Figure 5.5: Selection of Variable for Distribution Analysis of Customer Revenue

image

Output 5.4, captured from the RTF Output, shows the quantiles of the CUSTOMER_REVENUE distribution. A standard method that companies use to understand the drivers of revenue is to compare the characteristics of the top 25% of customers to the bottom 75%, on the basis of revenue. According to the Q3 value at the 75th percentile, anyone with more than $100 in revenue is in the top 25%.

Output 5.4: Quantiles of a Customer-Based Revenue Distribution

image

Next, you will create a binary variable that will allow you to split the file between the top 25% and the bottom 75% for analysis.

To create a new variable, use Advanced Expression function within the Query Builder. Right-click the DMR Customer Base data set, then select Query Builder (Figure 5.6). Put your curser on the data set name, t1. (DMR_CUSTOMER_BASE, in the left-hand column), and drag it, together with all the variables, over to the right side under Select Data.
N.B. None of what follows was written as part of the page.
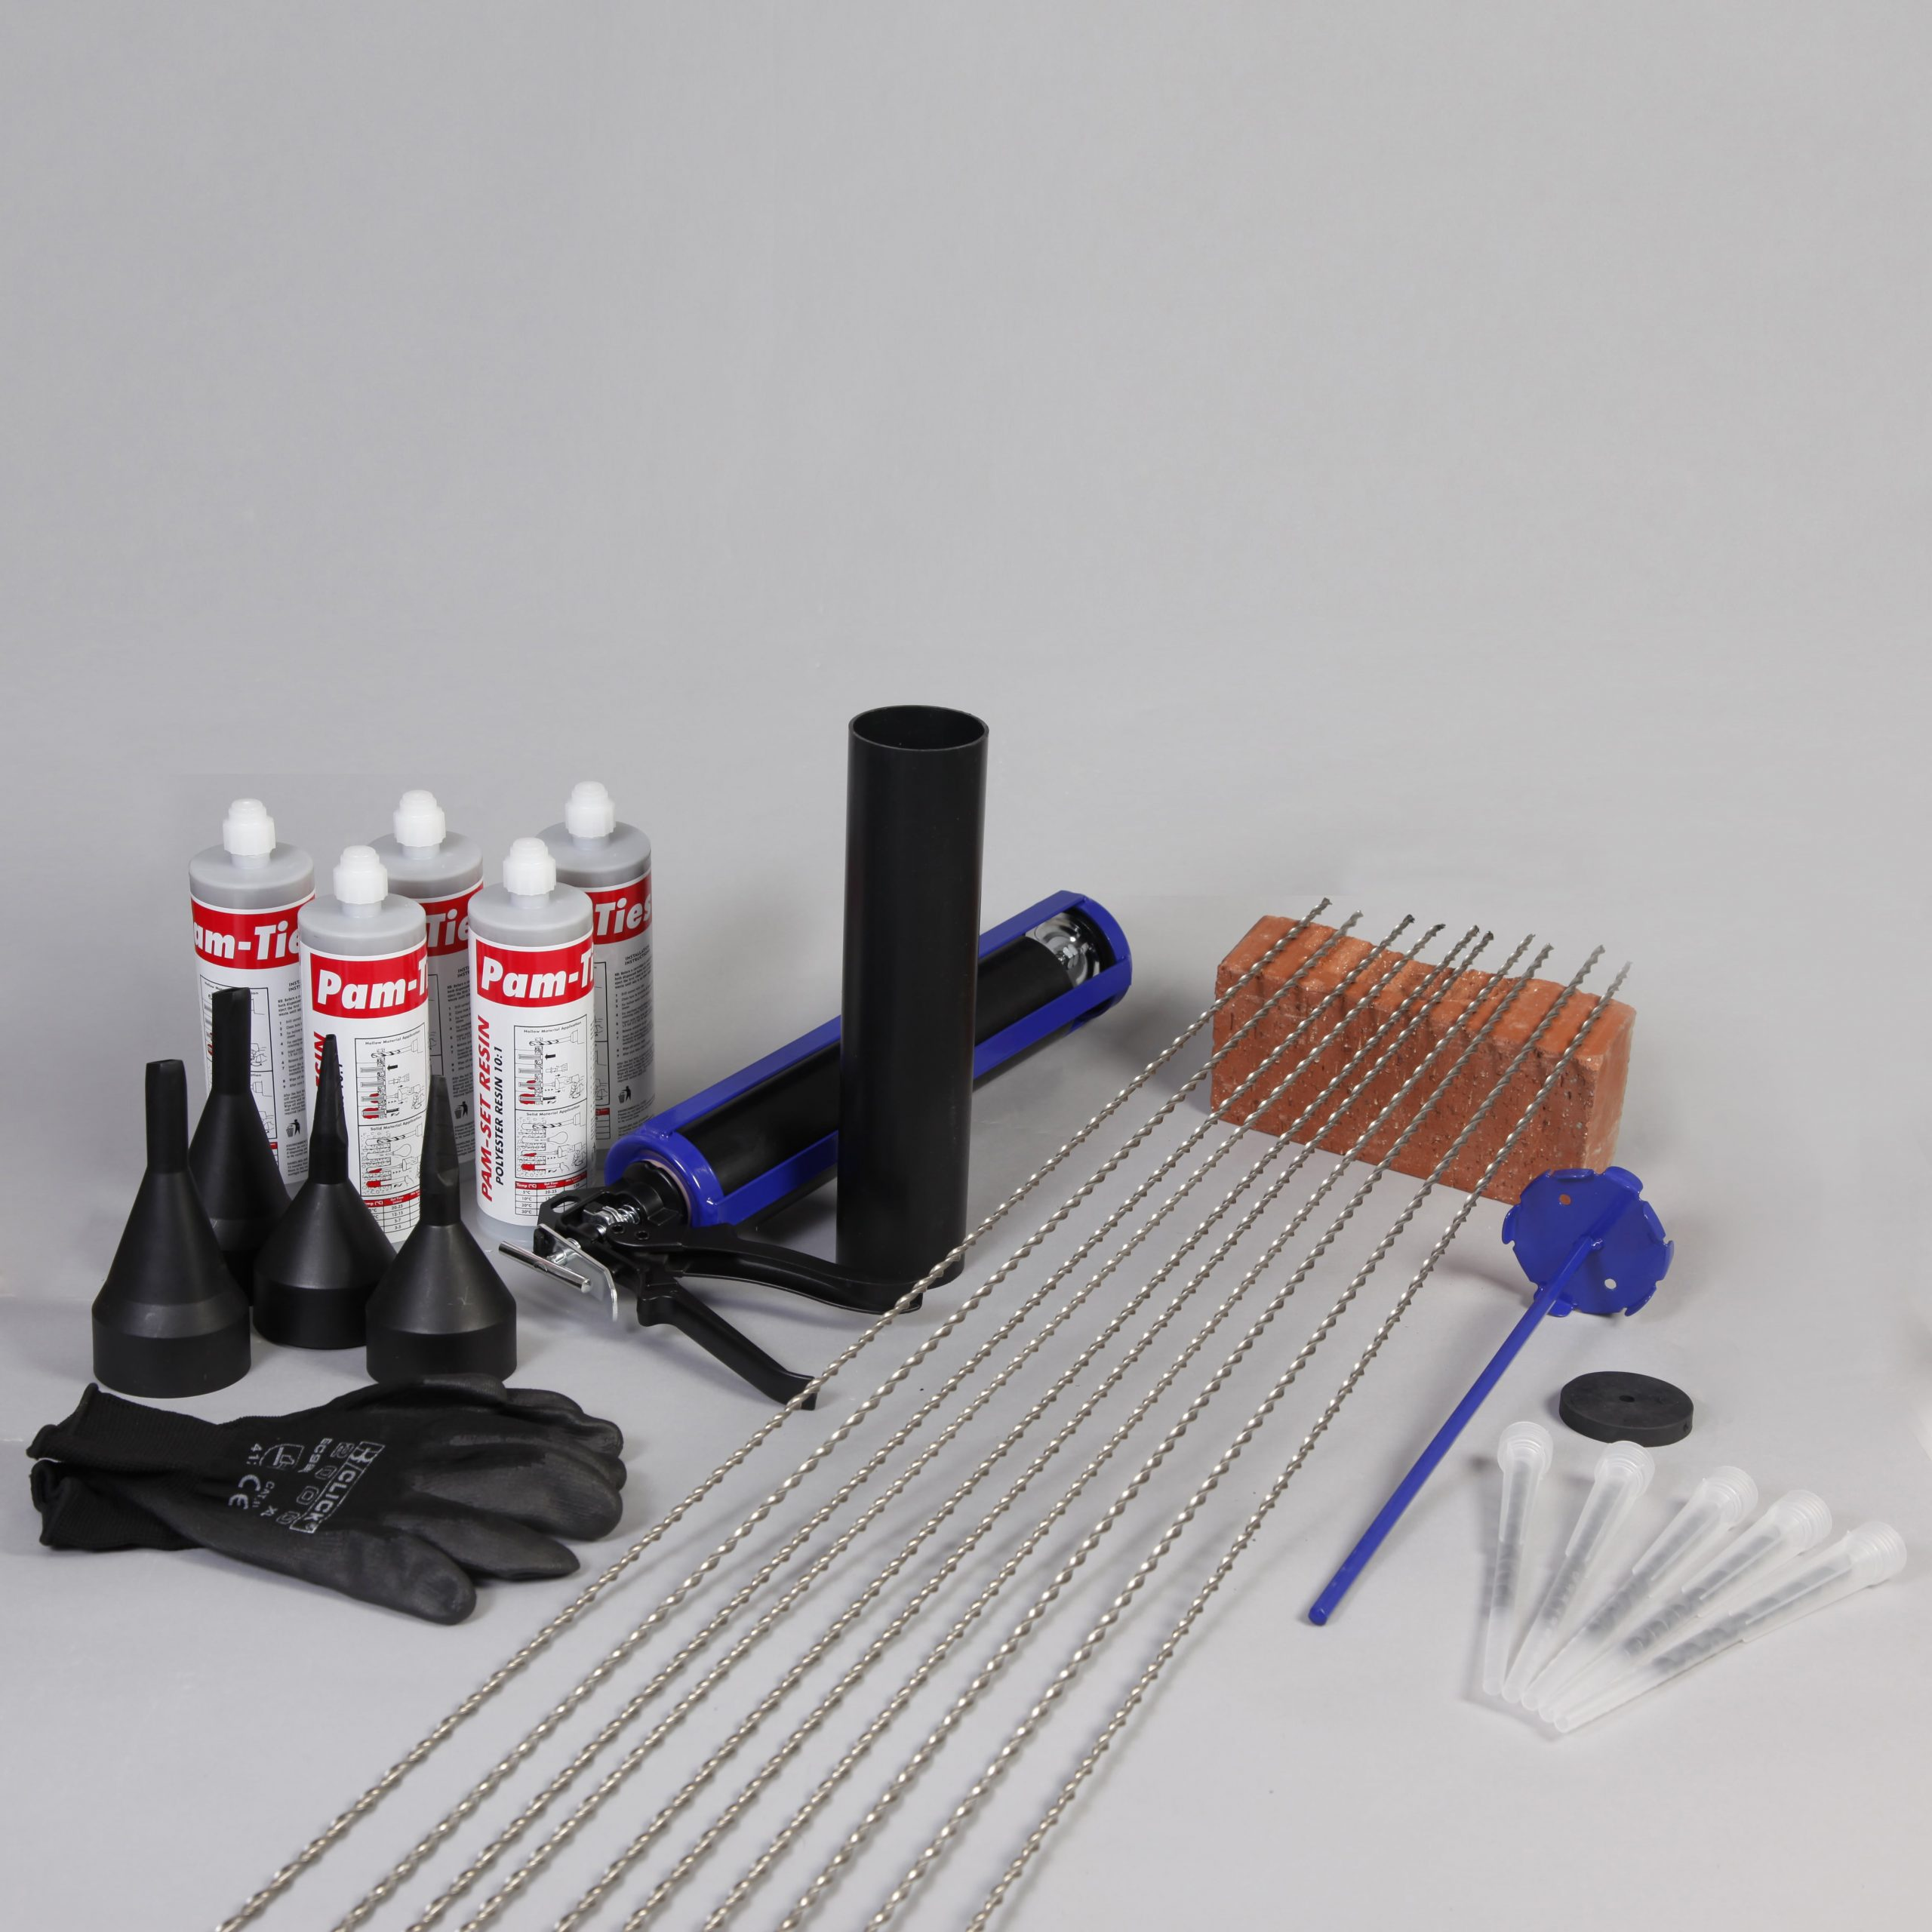 heli-crack-stitching-kit-min

Figure 5.6: Creation of a Binary Variable with Query Builder

image

In the same window, click Computed Columns, then New, and finally, select Advanced Expression and click Next. A new window will open. In the empty box under Enter an Expression, type “case when CUSTOMER_REVENUE gt 100 then 1 else 0 end” as shown in Figure 5.7. Click Next.

Figure 5.7: Use of Build Advanced Expression, CR_TOP_25PCT, within Query Builder

image

In window 3 of 4 of the Expression Builder, put CR_TOP_25PCT in the space next to Column Name (Figure 5.8) and click Finish.

Figure 5.8: Assign Column Name to Computed Variable CR_TOP_25PCT

image

When this window closes, you are back in the Computed Columns window. Click Close. Complete the task by clicking Run.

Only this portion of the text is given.